Titanic

So today’s the day. Belfast hopes that the new Titanic Centre will do for Belfast what the Guggenheim Museum has done for Bilbao.

And not just Belfast. Southampton too – and of course Cobh in the far south of Ireland which was the final point of departure of Titanic on her voyage to America. Here in Ireland, it became something of a nostalgia-fest – an opportunity to revisit the story of Irish emigration to the US. I’m old enough to remember being taken to see the big ships calling in Cork Harbour and to get a flavour of what emigration meant in the 1950’s

You probably haven’t read the speech of President Michael D Higgins in Cobh. He is an elected President – but above politics. So this is in my view a brave and magnificent statement of what has happened in Ireland. No whimsy or nostalgia. Just a sharpness which shames other political and church leaders ..

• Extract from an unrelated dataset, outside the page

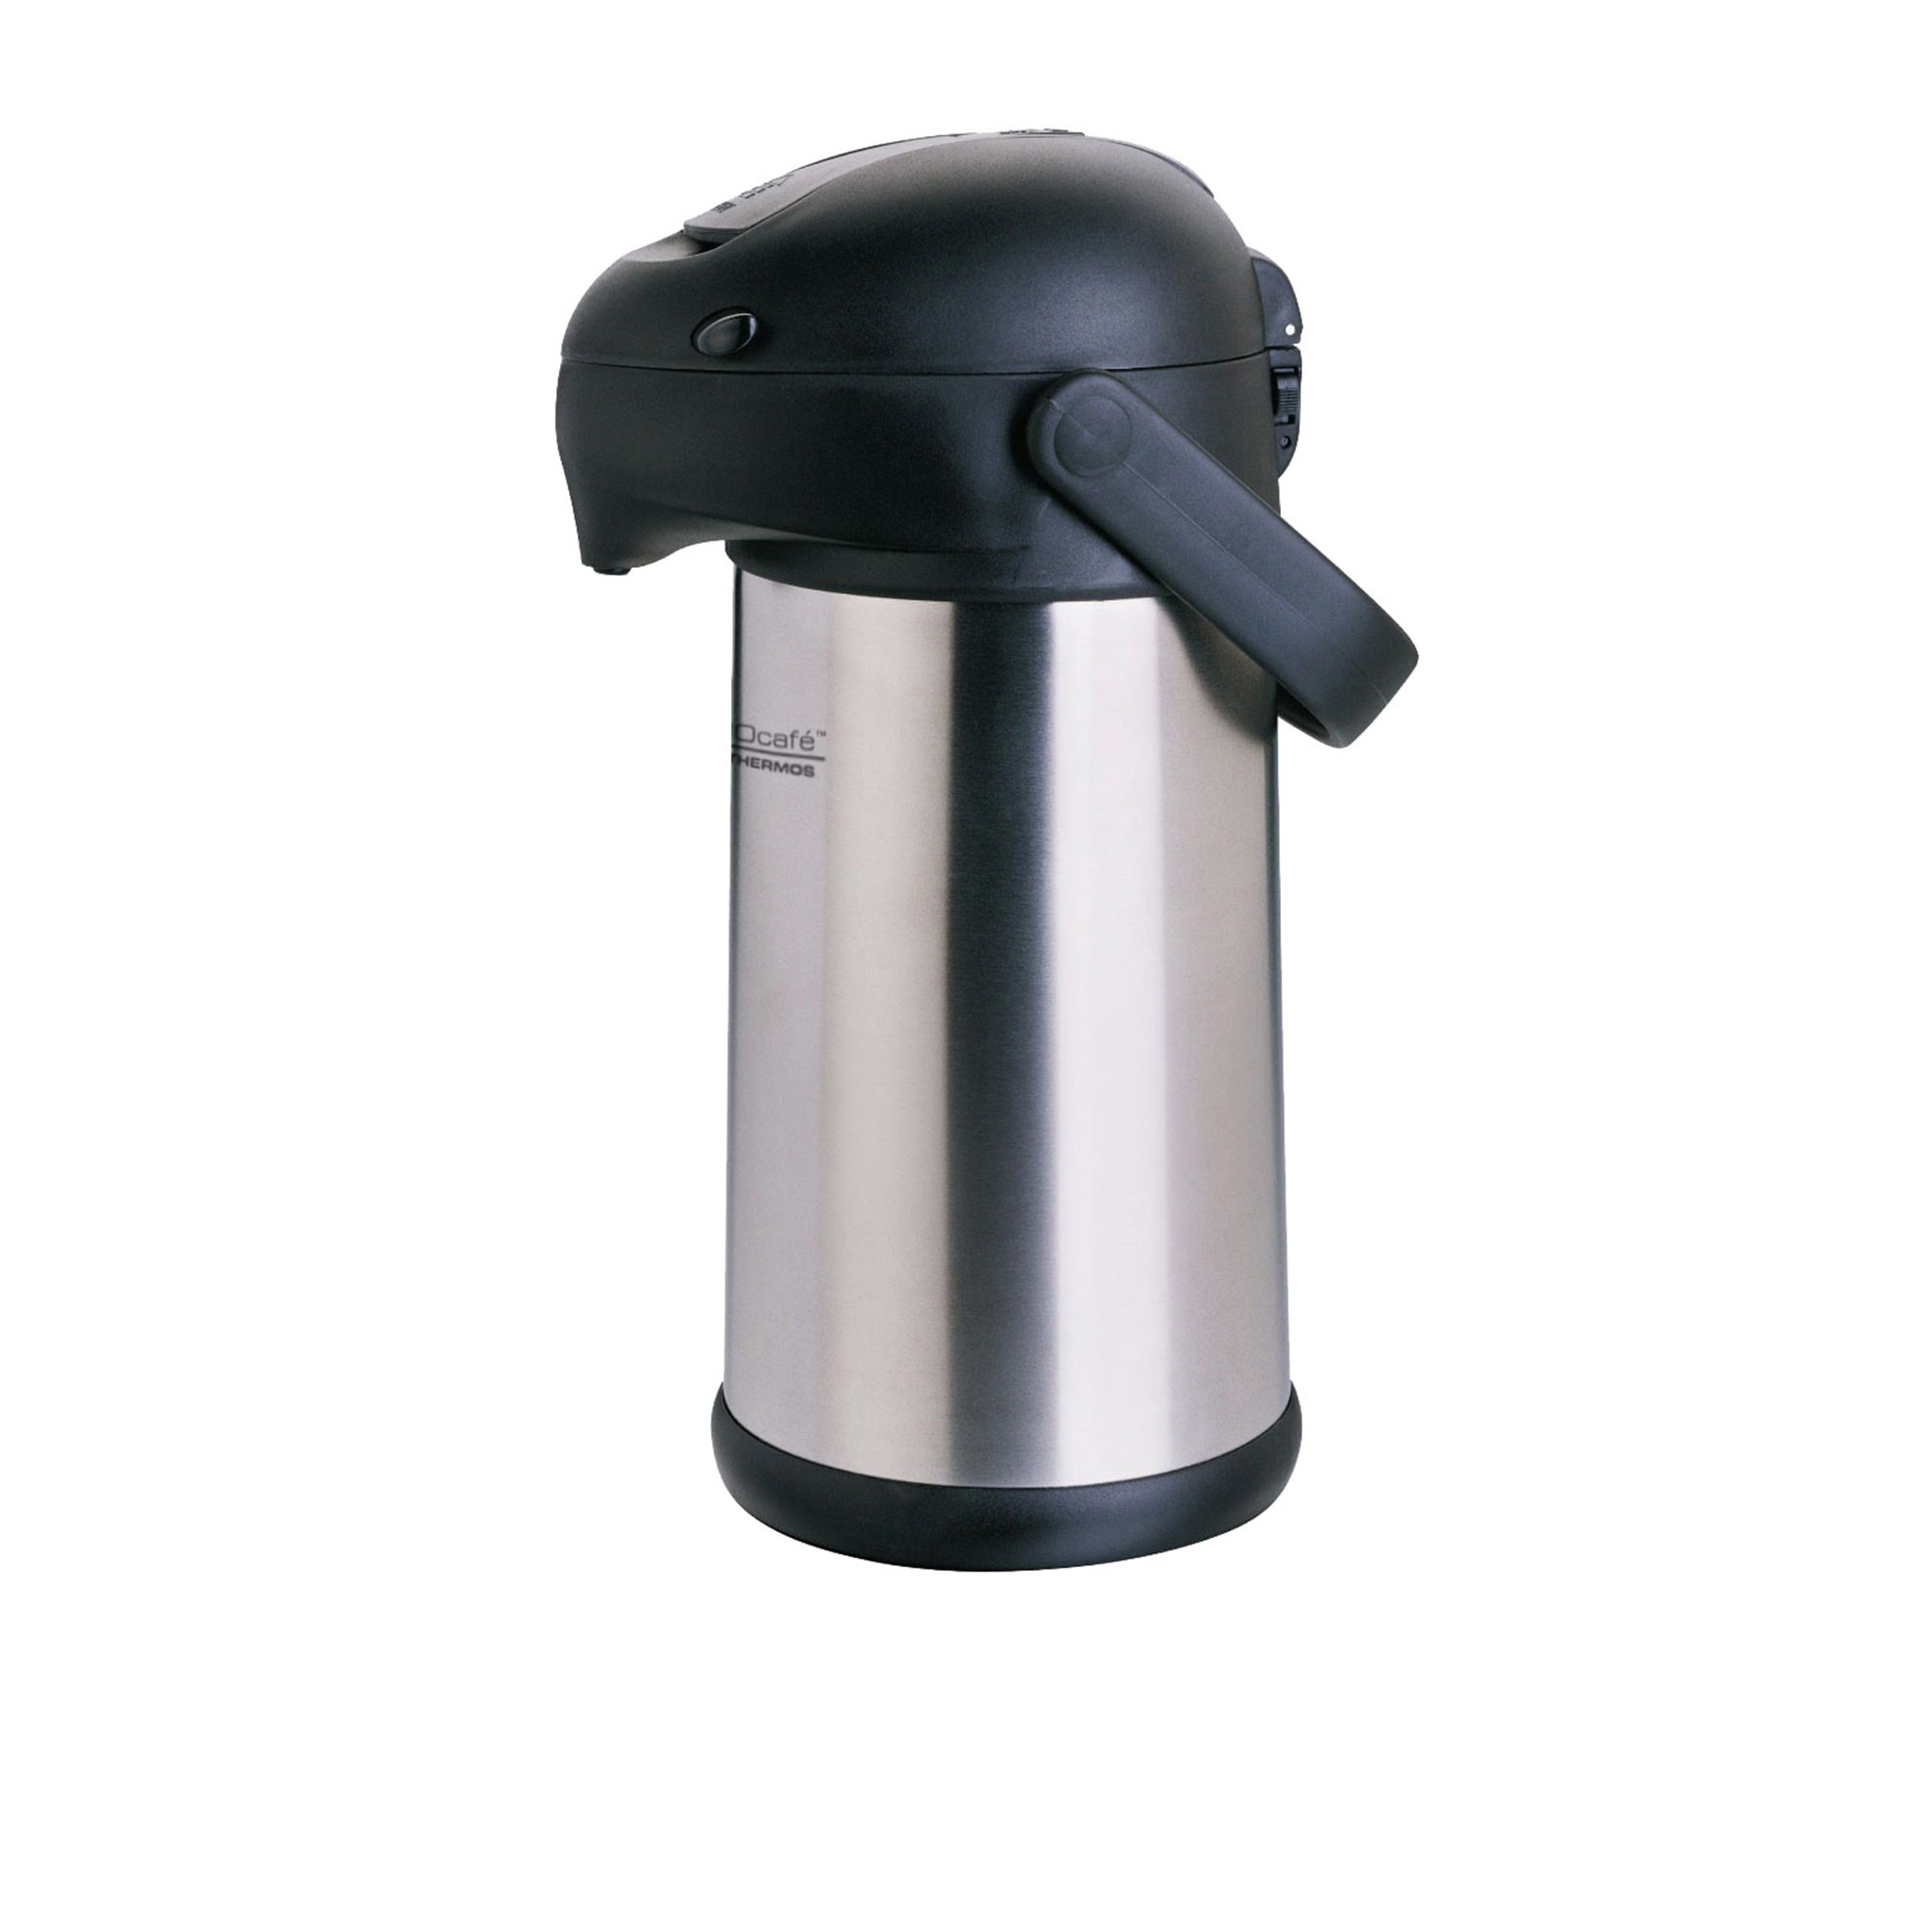 Thermos THERMOcafe Insulated Pump Pot 2.5L Image 1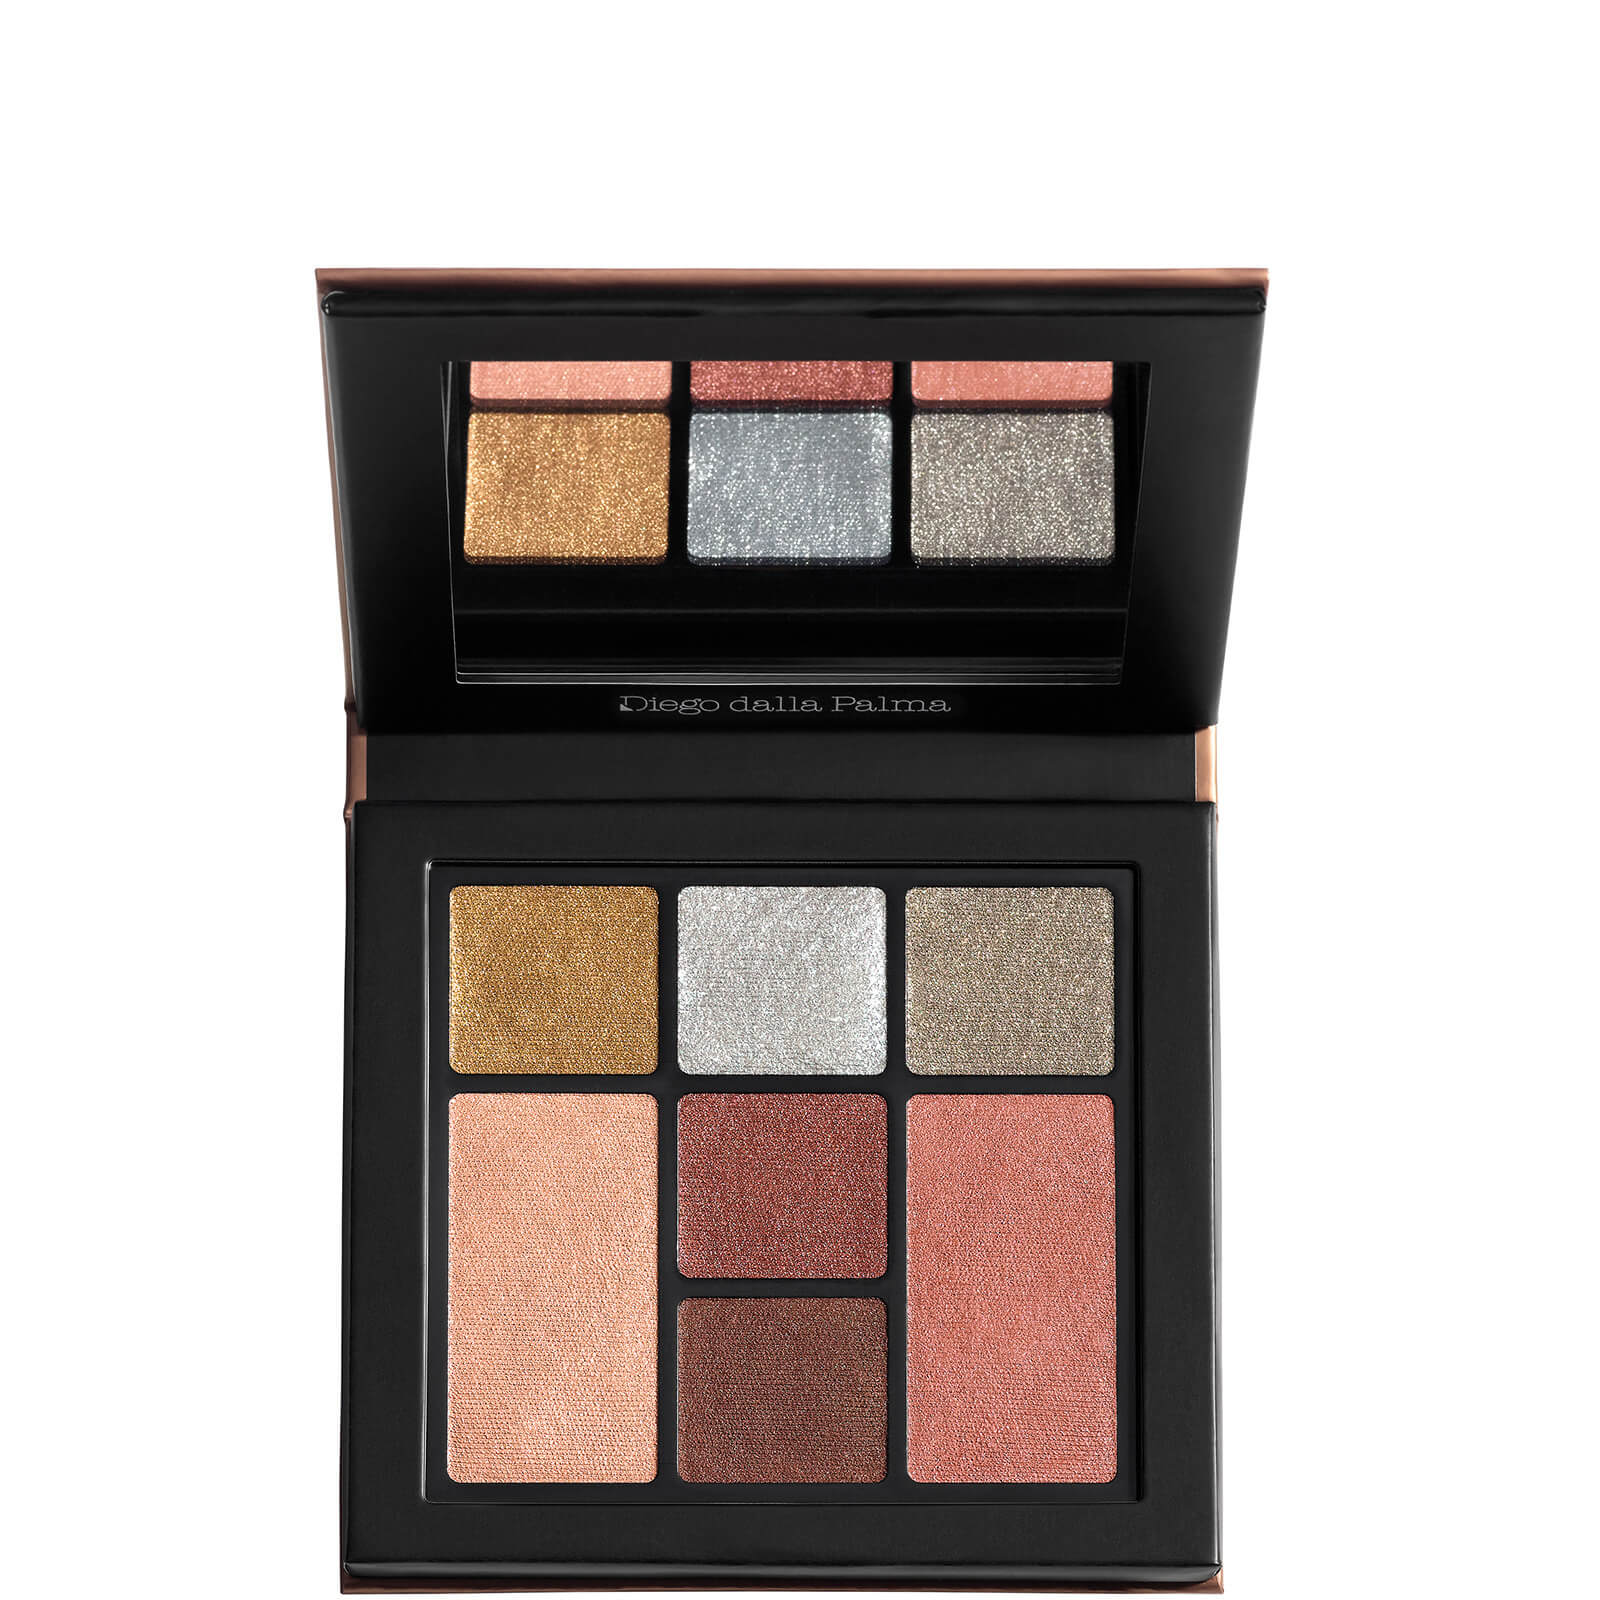 DIEGO DALLA PALMA MILANO TRIBAL QUEEN FACE AND EYES PALETTE,DFC12197

‘We in our time have experienced the sense of crisis which occurs when something deemed unsinkable – in our case a speculative economy – is confounded not only by circumstance and error but by the hubris which accompanied belief in what proved to be an irrational version of the economic. In addition to those who are materially impacted by the crisis, it leads to a collective loss of confidence, a questioning of previously unchallenged assumptions and an erosion of trust in institutions. In the humbling aftermath of that crisis, there is not only an opportunity to learn but a requirement to reflect – to address the erroneous assumptions that led to failure, to mobilise support around an alternative vision for our Republic and to put ourselves on course for a future which is sustainable and embraces us all as equal citizens.’